Subscription Required. Please recommend JoVE to your librarian.
Representative Results
В лабораторных условиях было включено в общей сложности 31 животное: 27 крыс были включены в окончательный статистический анализ; 4 крысы умерли преждевременно (смертность 12,9%). Интраоперационно растяжение дыхания было значительно снижено (p = 0,03) у стент- (12,9 мкм ± 0,7) по сравнению с крысами, обработанными катушками (13,5 мкм ± 0,6). Флуоресцентная ангиография проводилась для каждой крысы в конце финального FU. Реперфузия была показана у всех 6 животных, обработанных катушками, тогда как реперфузия наблюдалась только у 12,5% из 8 животных, обработанных стентом.
Объединенные исходные объемы аневризмы для 7-го и 21-го дней существенно не различались (ни для децеллюляризованных (p = 0,9), ни для жизненно важных (p = 0,1) аневризм) между группами спирального или стент-лечения (рисунок 3). Объединенные объемы FU для децеллюляризованных аневризм показали незначительный рост аневризмы в спиральных по сравнению со стентированными аневризмами (p = 0,28), значительно больший в жизненной спиральной, чем в стентированной группе (60,1 мм3 ± 31,1 мм3 против 20,5 мм3 ± 20,6 мм3; p = 0,002).
Количества клеточно-индикатор-положительных клеток в неоинтиме децеллюляризованных аневризм не существенно различались между группами, обработанными стентом или катушками на 7-й день FU (p = 0,8), но были значительно выше у стентированных крыс на 21-й день FU (рисунок 4; p = 0,04). У крыс, ушедших в жизненно важные аневризмы, не было отмечено значимых различий ни через 7 дней (p = 1,0), ни через 21 день (рисунок 5) FU (p = 0,66). При децеллюляризованных аневризмах через 7 дней FU в тромбе стент-обработанного стентом оставалось значительно больше клеточно-индикатор-положительных клеток по сравнению с группой, обработанной катушкой (p = 0,01). Эта разница не наблюдалась при жизненно важных аневризмах через 7 дней FU. См. Таблицу 1 для пропорции клеточно-индикатор-положительных клеток для децеллюляризированных, а также жизненно важных спиральных и стентированных аневризм для 7-го и 21-го дня FU. Контрокрашивание по фактору фон Виллебранда (F8) проводили в эндотелиальных клетках неоинтимы каждой крысы (рисунок 6).

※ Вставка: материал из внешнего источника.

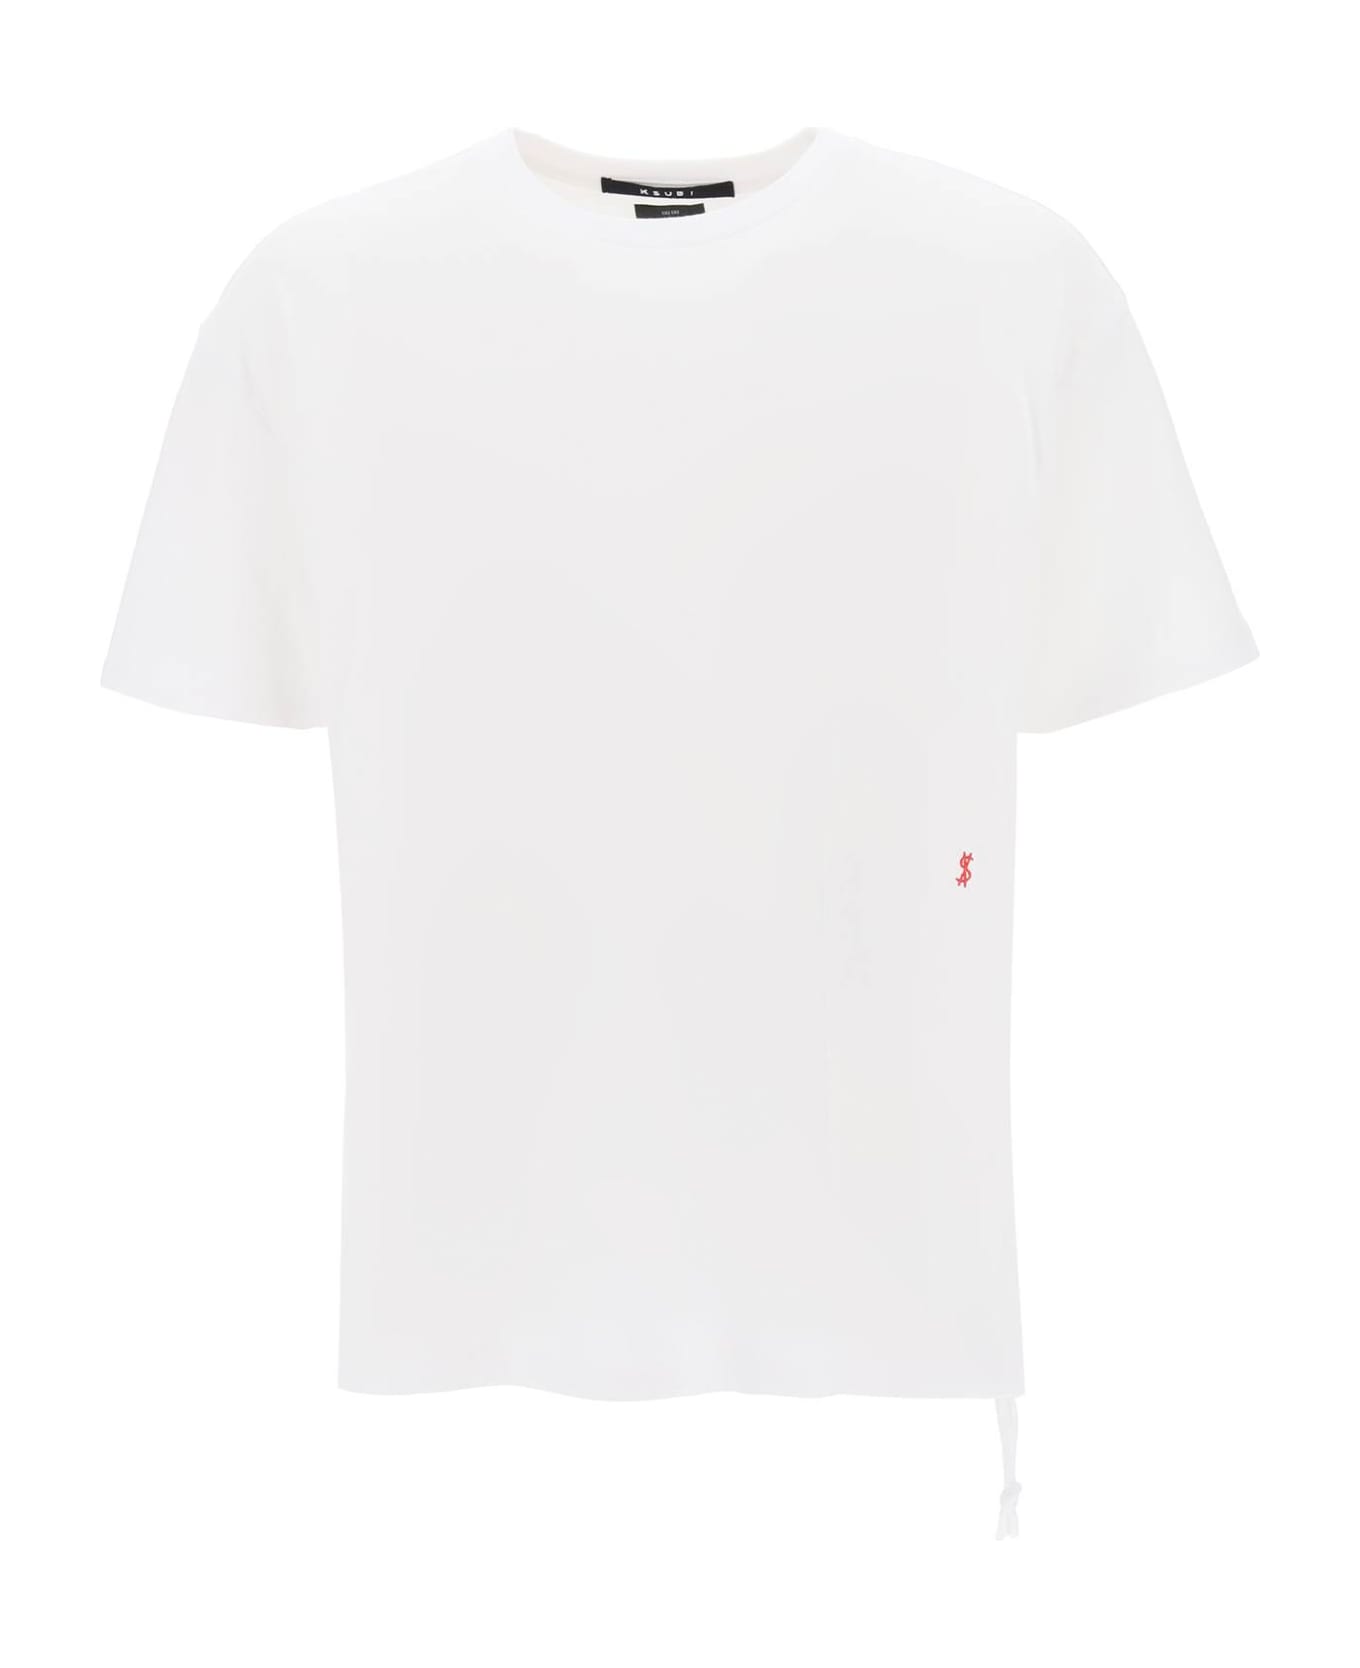 Ksubi '4x4 Biggie' T-shirt - WHITE (White)

Средняя продолжительность хирургической процедуры составила 119,1 ± 21,3 мин для группы намотки по сравнению с 154,1 ± 30,2 мин для группы стента (p = 0,001). Количество швов для швов аневризмы также существенно различалось (p = 0,000002) для змеевика (15,6 ± 2,9 шва) и стентных групп (11,3 ± 1,1).
Рисунок 1: Блок-схема экспериментальной установки. В общей сложности 35 животных были прооперированы и рандомизированы в группы свертывания или стентирования. Два животных группы стентов скончались в непосредственном послеоперационном течении. Пожалуйста, нажмите здесь, чтобы просмотреть увеличенную версию этого рисунка.
Рисунок 2: Интраоперационные фотографии аневризм во время эмболизации катушки и стента. (А) изображена боковина-аневризма (#), наложенная на брюшную аорту крысы (*). Обратите внимание на спиральное устройство, введенное в аневризму, прежде чем выполнить последний одиночный стежок для завершения шва аневризмы. Обратите внимание на розоватое окрашивание (стрелку) с левой стороны артериотомии, указывающее на правильное распределение индикатора клеток. (B) Та же настройка, что и в A, показывающая устройство стента, уже находящееся на месте. Пожалуйста, нажмите здесь, чтобы просмотреть увеличенную версию этого рисунка.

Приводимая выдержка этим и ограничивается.